Starting at the line that contains "Black polyester tote bag" and stopping at the line that contains "Rental Property at", transcribe every line of the material below exactly; pictures stay out.

### [SOURCE RECORDS]

════════

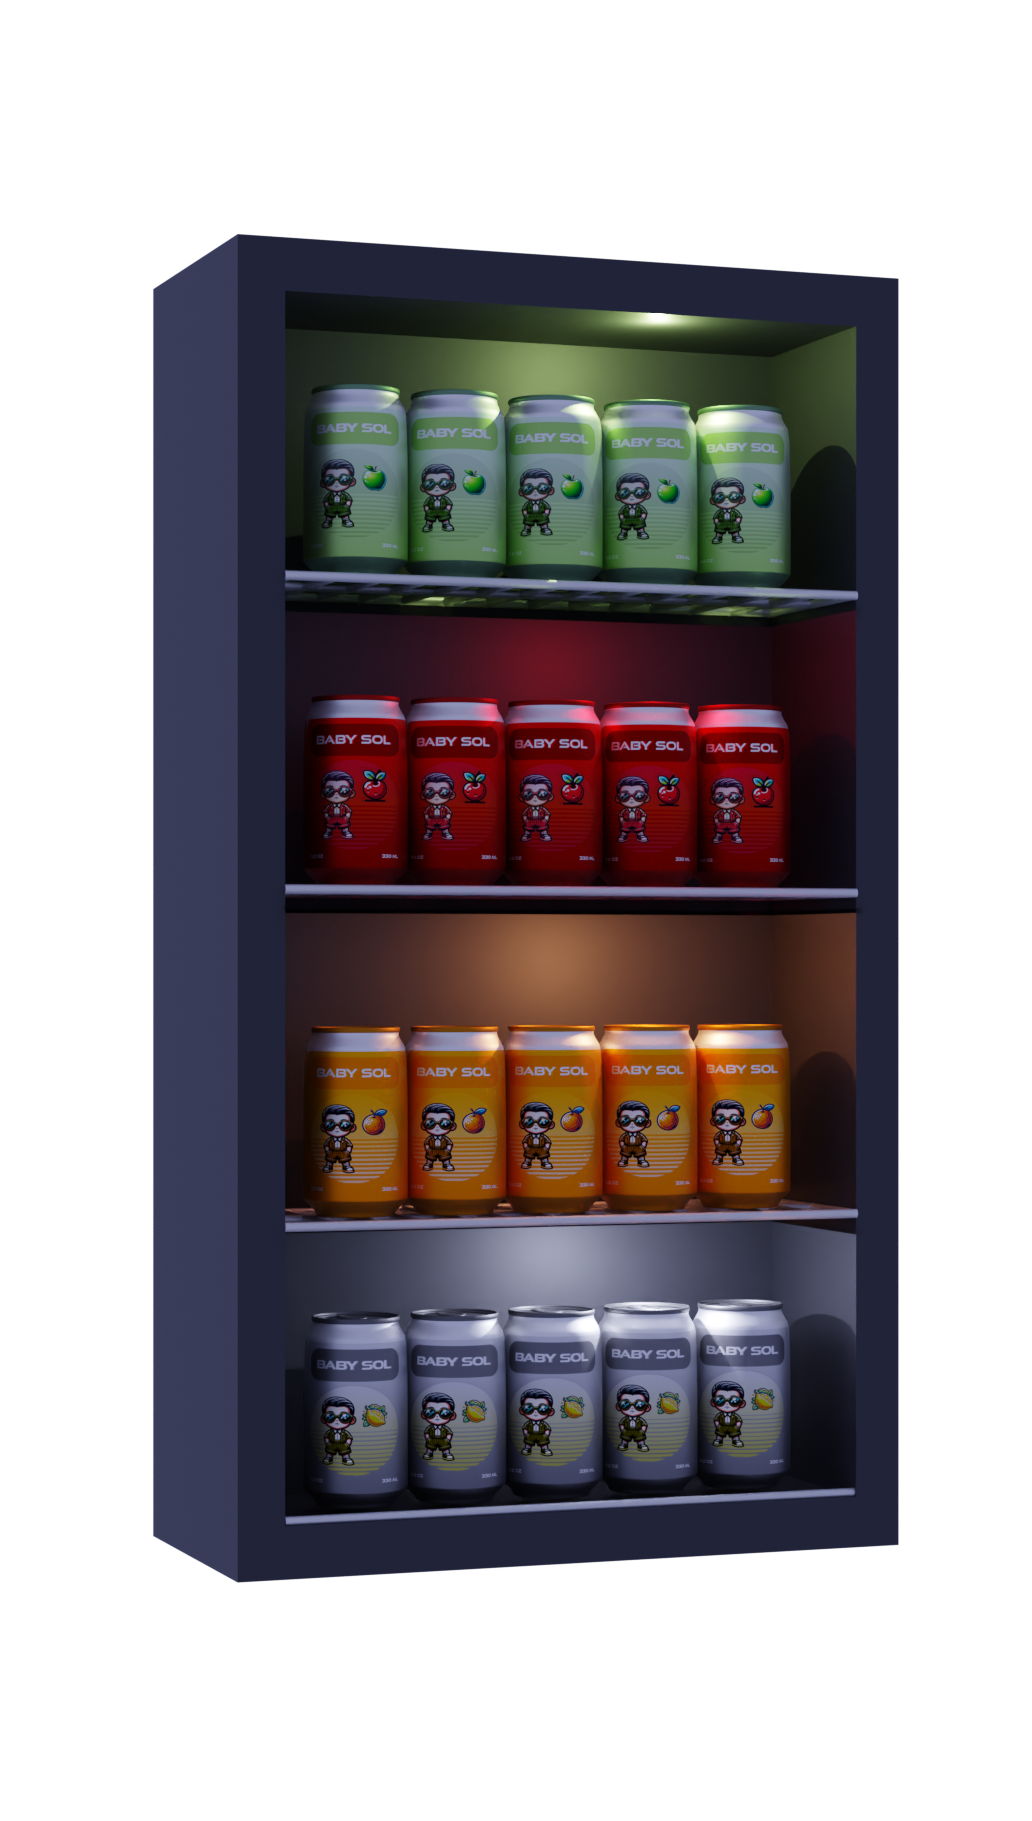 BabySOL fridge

════════

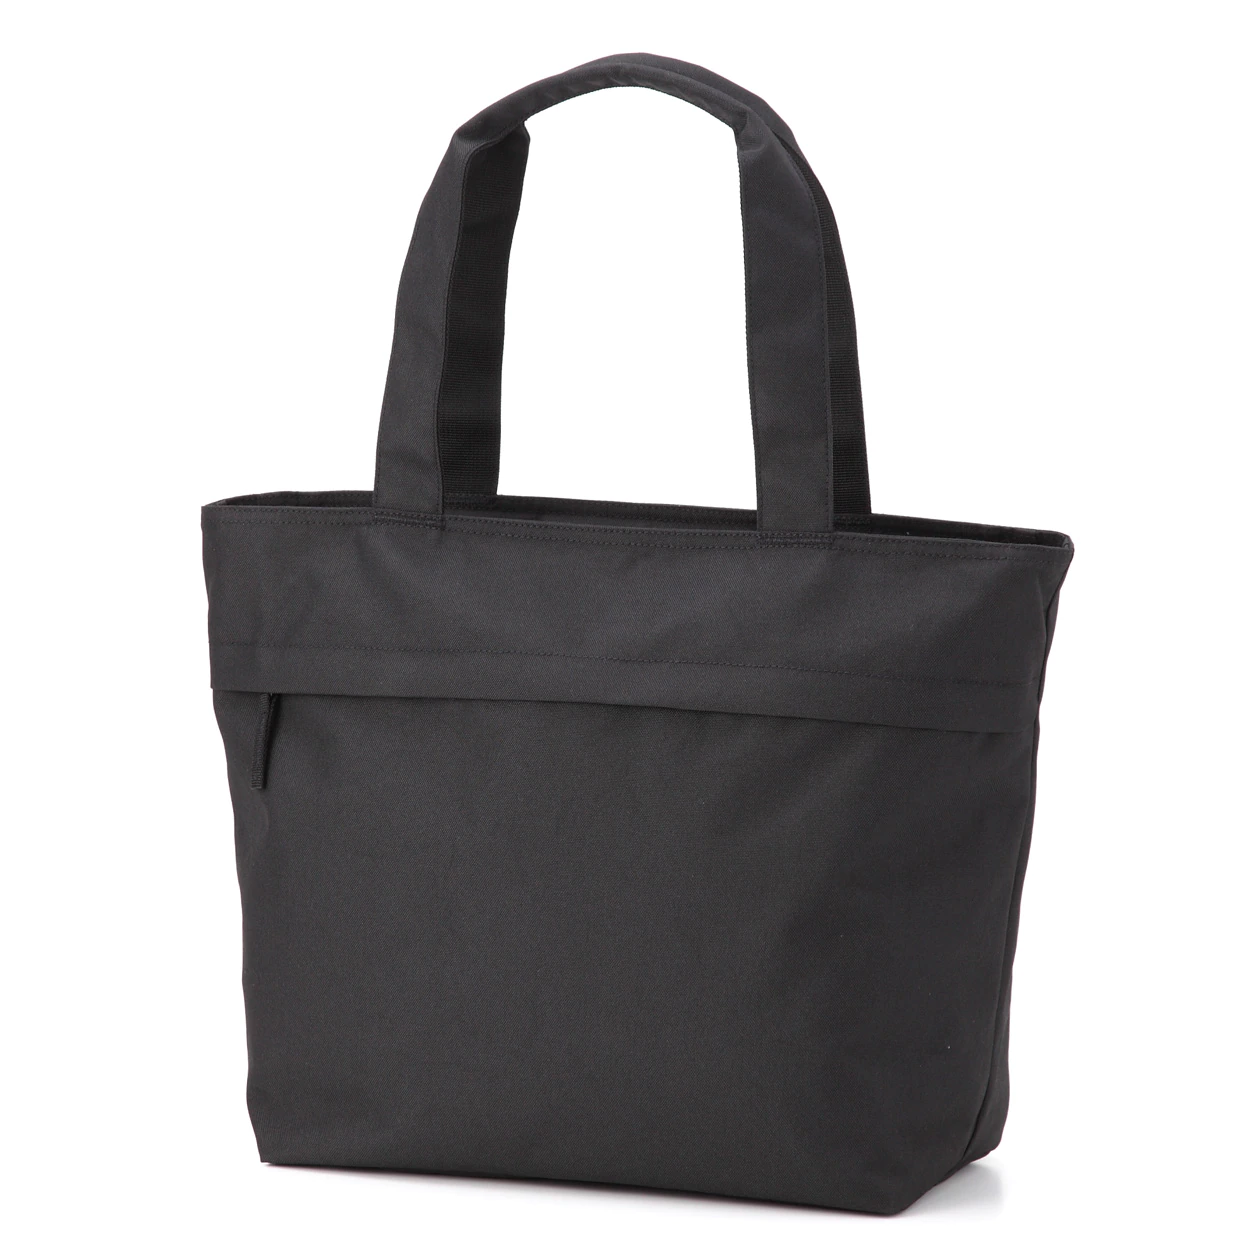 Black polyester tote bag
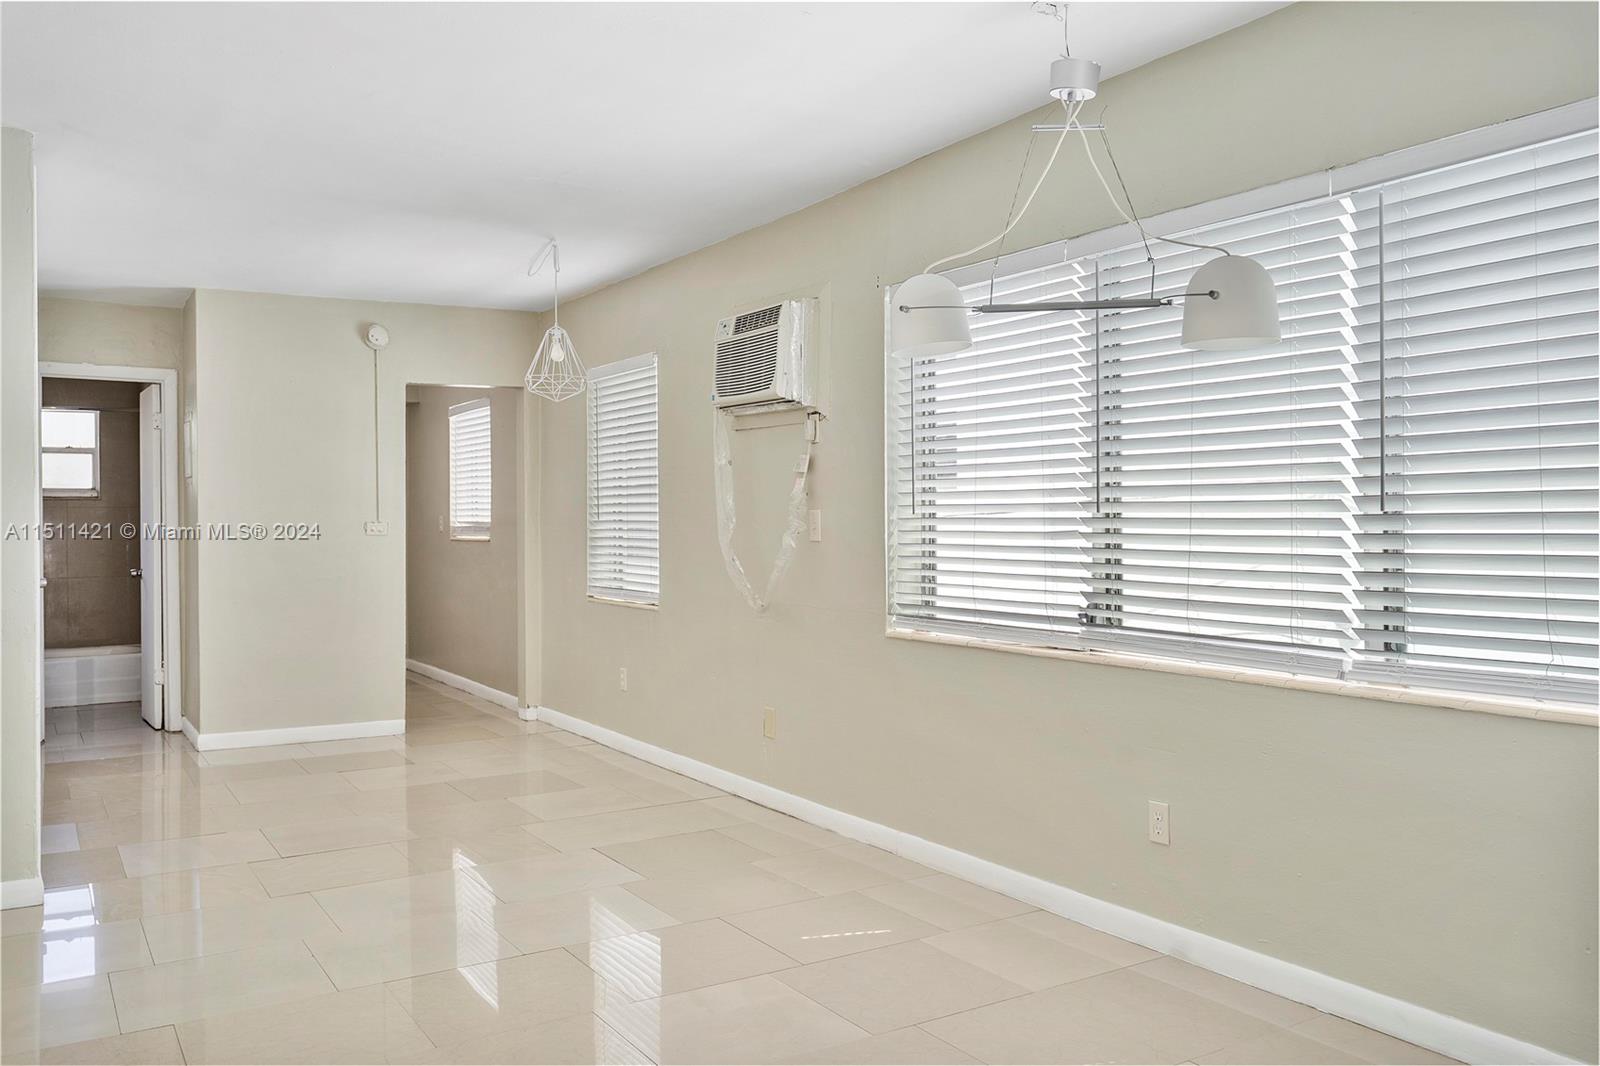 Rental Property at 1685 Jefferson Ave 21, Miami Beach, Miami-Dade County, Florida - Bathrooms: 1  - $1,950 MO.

════════

### [WRITTEN SOLUTION]
 Black polyester tote bag
 Rental Property at 1685 Jefferson Ave 21, Miami Beach, Miami-Dade County, Florida - Bathrooms: 1  - $1,950 MO.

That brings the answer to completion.